DATA TO PROCESS:
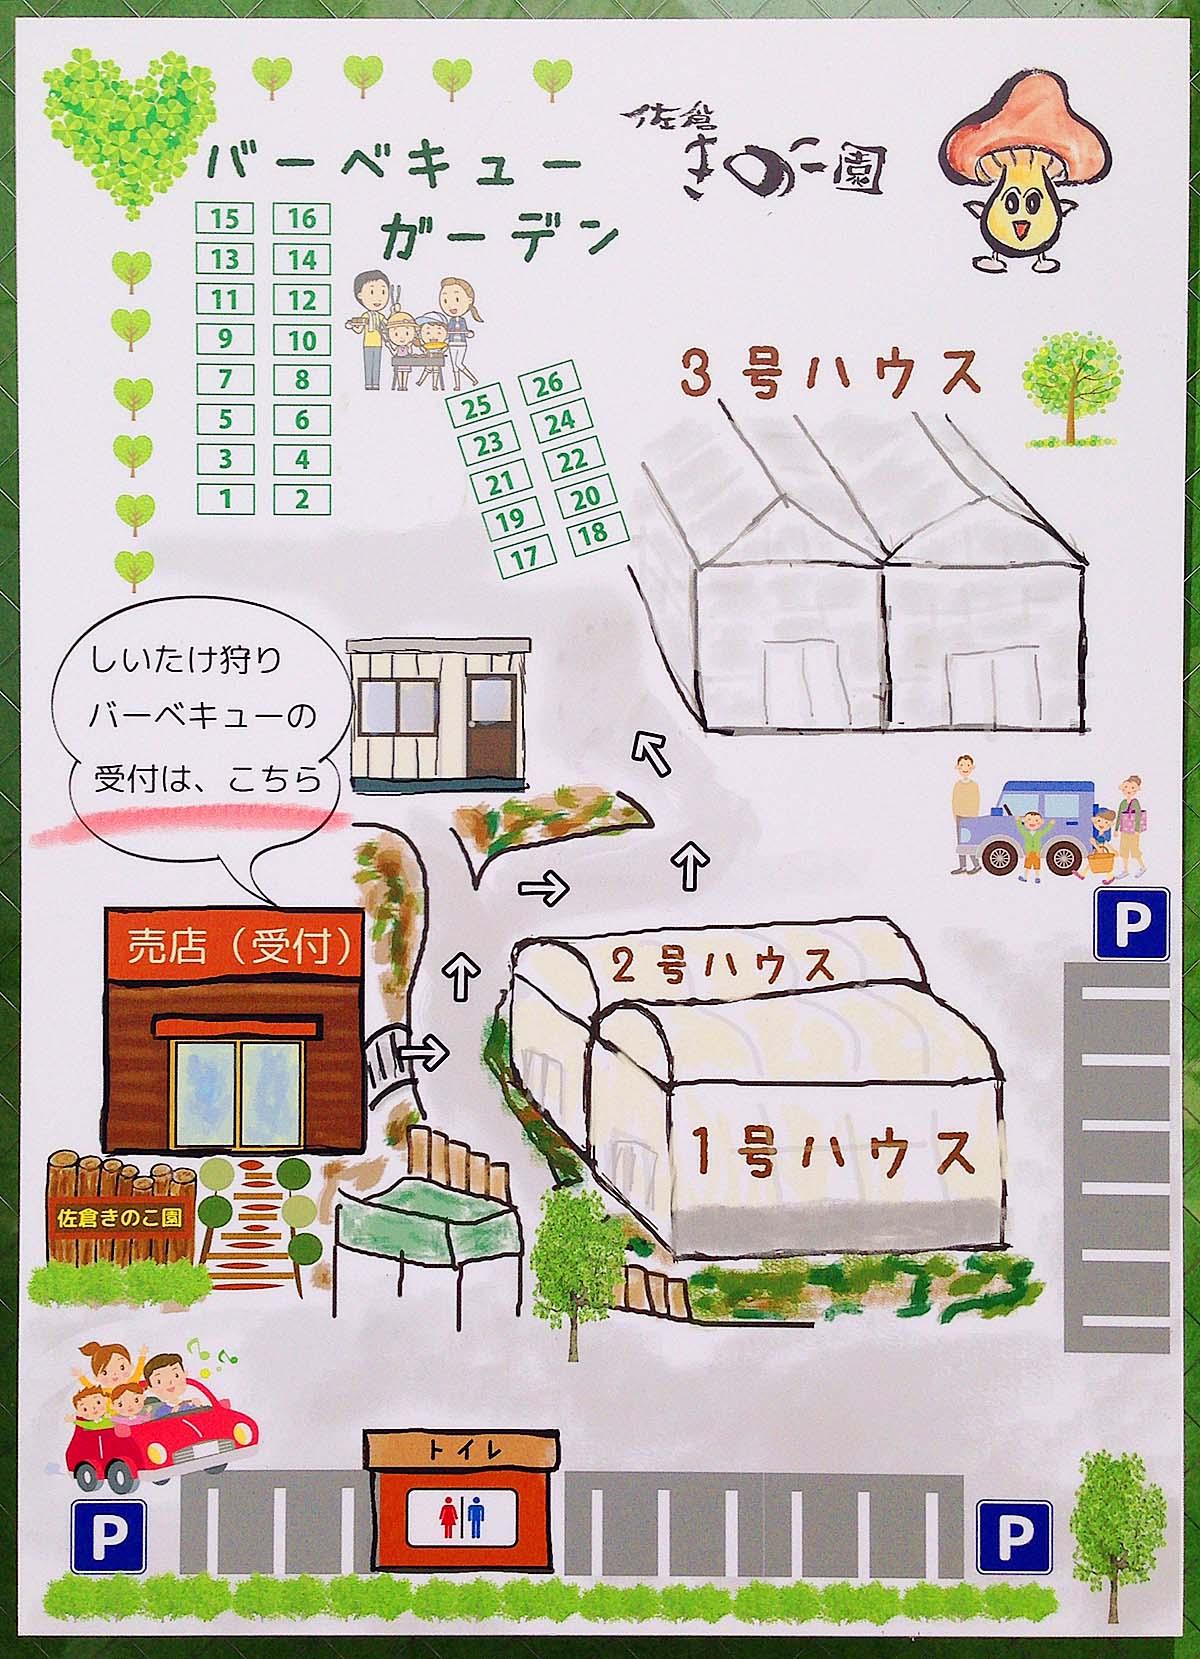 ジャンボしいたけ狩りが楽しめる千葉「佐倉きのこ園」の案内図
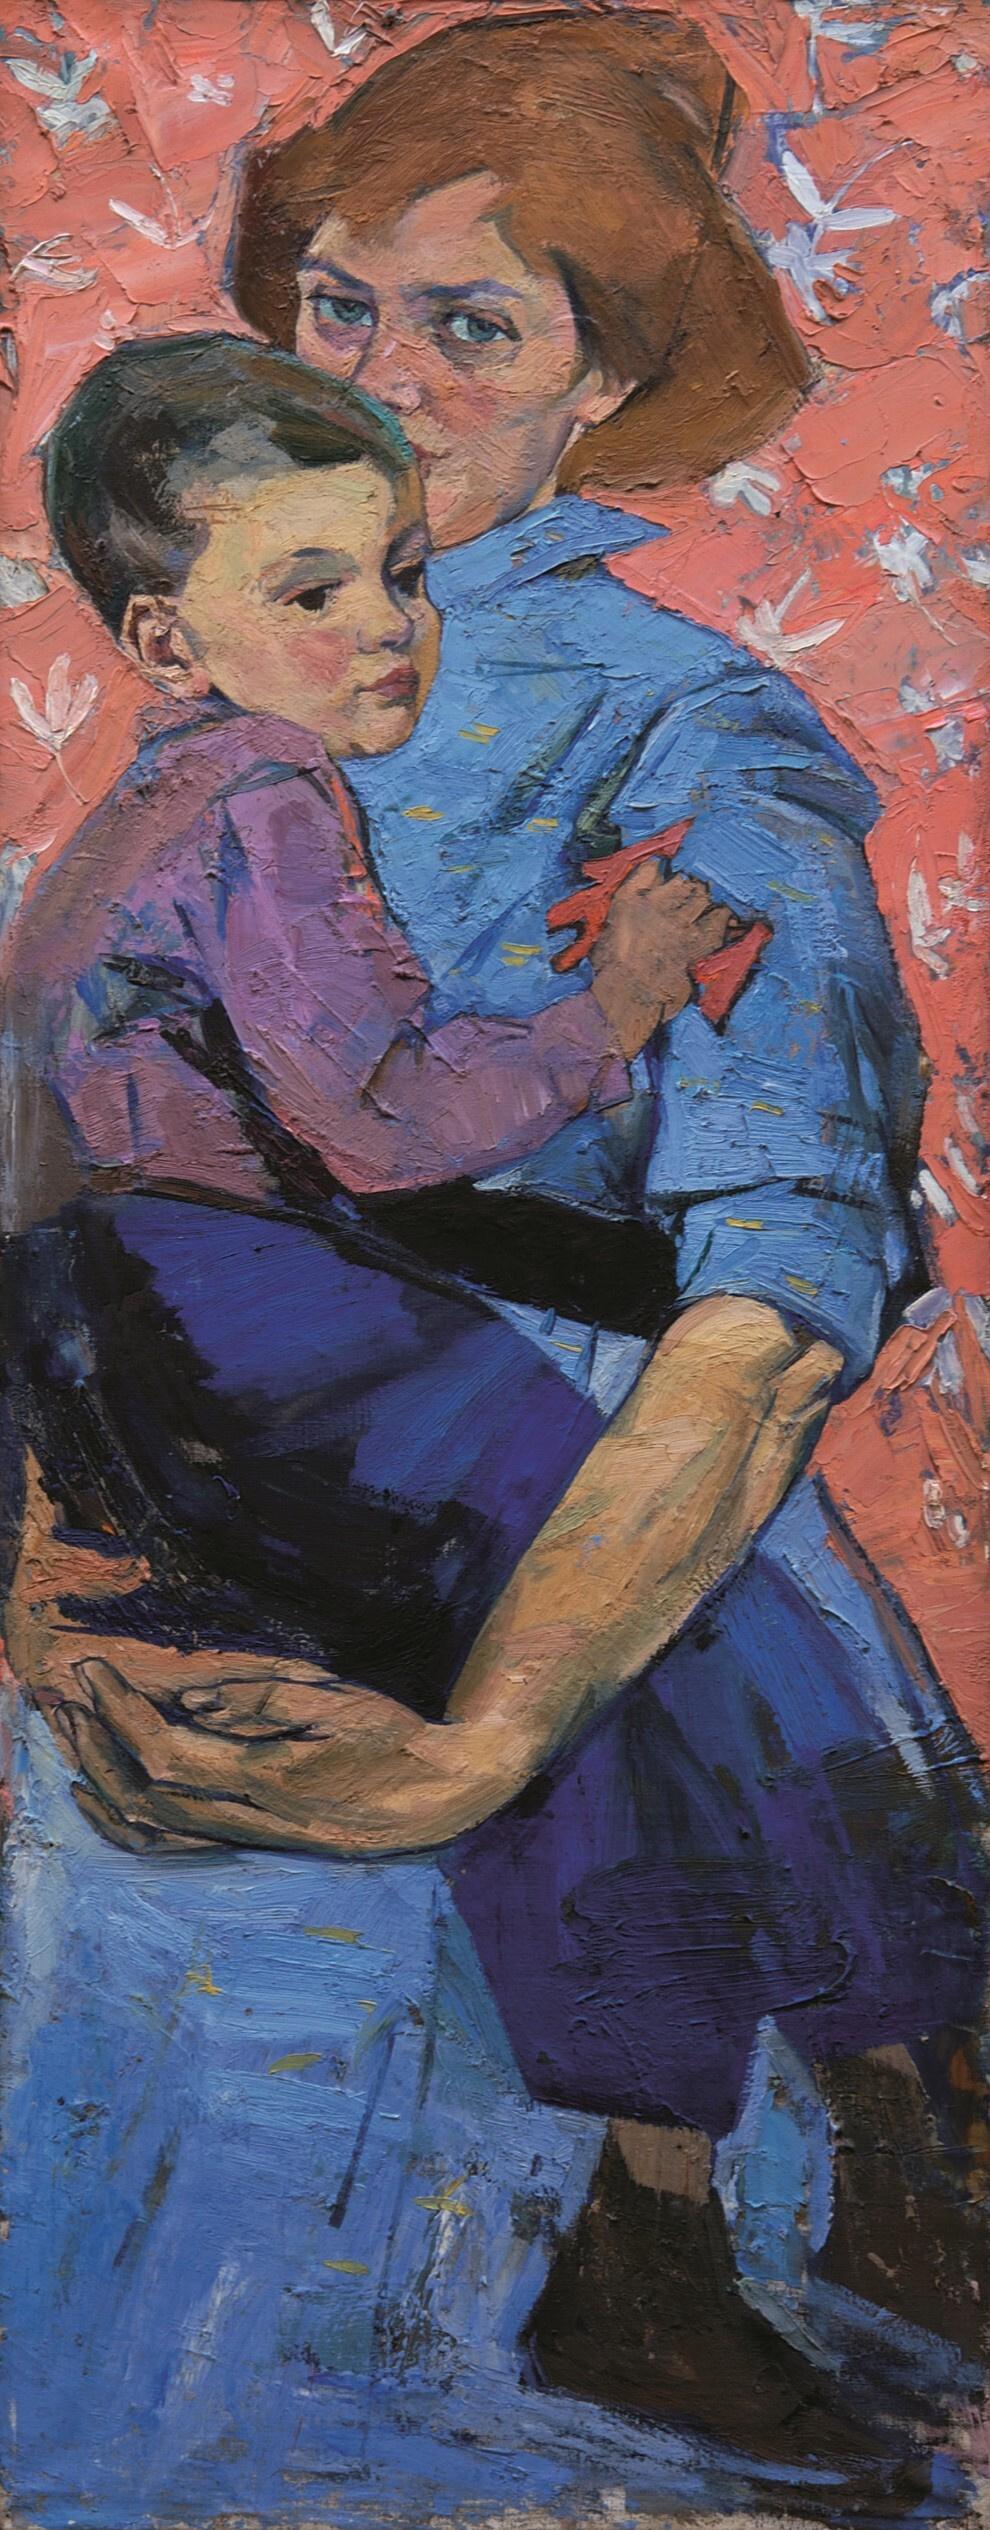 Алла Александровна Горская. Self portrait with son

---

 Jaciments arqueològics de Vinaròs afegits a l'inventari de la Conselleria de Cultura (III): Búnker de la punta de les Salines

TRY IT: Write out word for word the lines above that run from the one with "ジャンボしいたけ狩りが楽しめる千葉「佐倉きのこ園」の案内図" to the one with "Алла Александровна Горская.". Include both end lines; exclude the images.

RESPONSE TO THIS EXERCISE:
 ジャンボしいたけ狩りが楽しめる千葉「佐倉きのこ園」の案内図
 Алла Александровна Горская. Self portrait with son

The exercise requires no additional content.